Gomes (2010) chama a atenção para o fato de que ainda não há uma reivindicação concreta para o uso do conceito femicídio ou feminicídio, mas que, para garantir a visibilidade de uma realidade ainda mascarada e permeada pelo romantismo, passionalidade e vitimização masculina no Brasil, o uso do termo seria adequado, visto que a maioria dos homicídios femininos apresenta como causa a violência de gênero no marco de um sistema patriarcal.

Carcedo; Sagot (2000) também usam uma versão do conceito de femicídio representada pelas mortes violentas e assassinatos de mulheres por homens. Por sua vez, também desenvolvem uma tipologia para femicídio. Para as autoras, há uma diversidade de situações em que os crimes podem ocorrer, sendo que, dessa forma, definiram o femicídio em

três grupos: femicídio íntimo, quando perpetrado por parceiro íntimo; femicídio não íntimo, quando perpetrado por qualquer pessoa do sexo oposto e; femicídio por conexão, que ocorre quando uma mulher é assassinada por defender a outra pessoa, evidenciando uma pluralidade de situações.

Portanto, a categoria ainda constitui uma discussão relativamente recente no Brasil, ainda com pouca bibliografia sobre o femicídio ou feminicídio. Outro contraponto é que o termo não existe no dicionário da língua portuguesa e, muito menos, no Código Penal brasileiro e ainda não é aceito como categoria de análise e menos ainda como indicador de criminalidade, o que permite a invisibilidade dos fatores comuns que se desenvolvem e constituem a violência sexual e sistêmica contra as mulheres.

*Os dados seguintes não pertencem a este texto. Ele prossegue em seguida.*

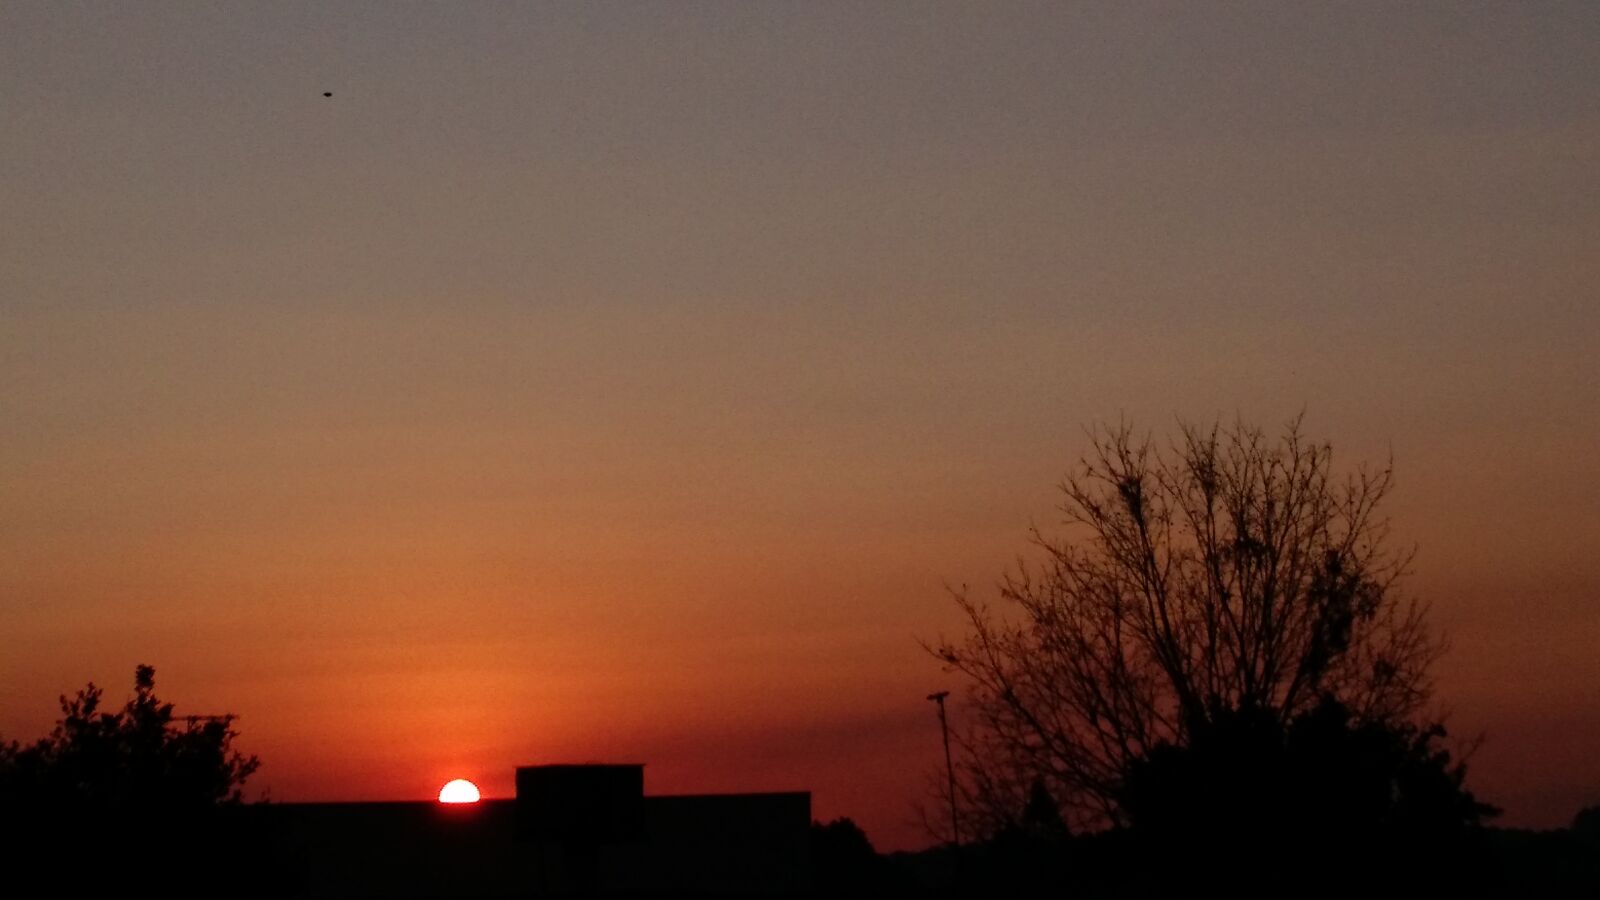 Motorola Moto X (2nd Gen) sample photo. Heaven, sundown, sunset photography
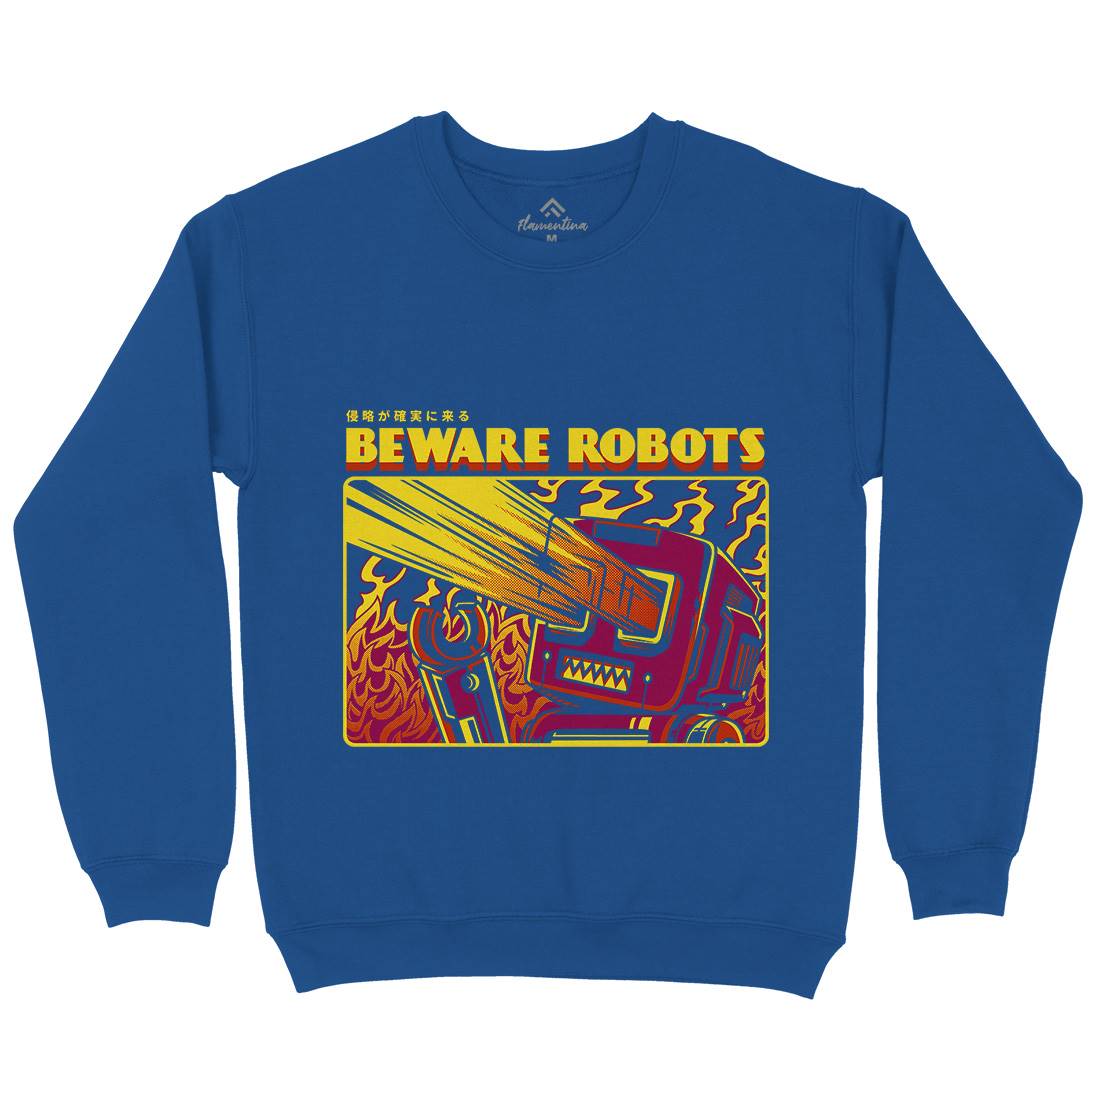 Beware Robots Kids Crew Neck Sweatshirt Space D714

Por outro lado, a CPMI, tendo como base dados de instituições como a ONU e o Instituto Sangari, responsável pela publicação do mapa da violência, aprovou em julho de 2013, por unanimidade, o relatório final que investigou a violência contra a mulher. Apresentado pela senadora Ana Rita (PT-ES), o texto de mais de mil páginas possui 13 projetos de lei, entre eles o que tipifica o crime de feminicídio. A intenção dos parlamentares que integram a comissão é que este crime seja incluído no Código Penal brasileiro (Decreto- Lei nº 2.848/1940). Assim, para o feminicídio como forma extrema de violência de gênero que resulta na morte da mulher, a pena sugerida para o crime conceituado é de reclusão de 12 a 30 anos (BRASIL, 2013).

Dessa forma, na atualidade, já é perceptível, por parte do poder público, a discussão sobre o termo feminicídio, no sentido de tipificar o crime de homicídio feminino ocorrido no Brasil com o objetivo de dar visibilidade à problemática.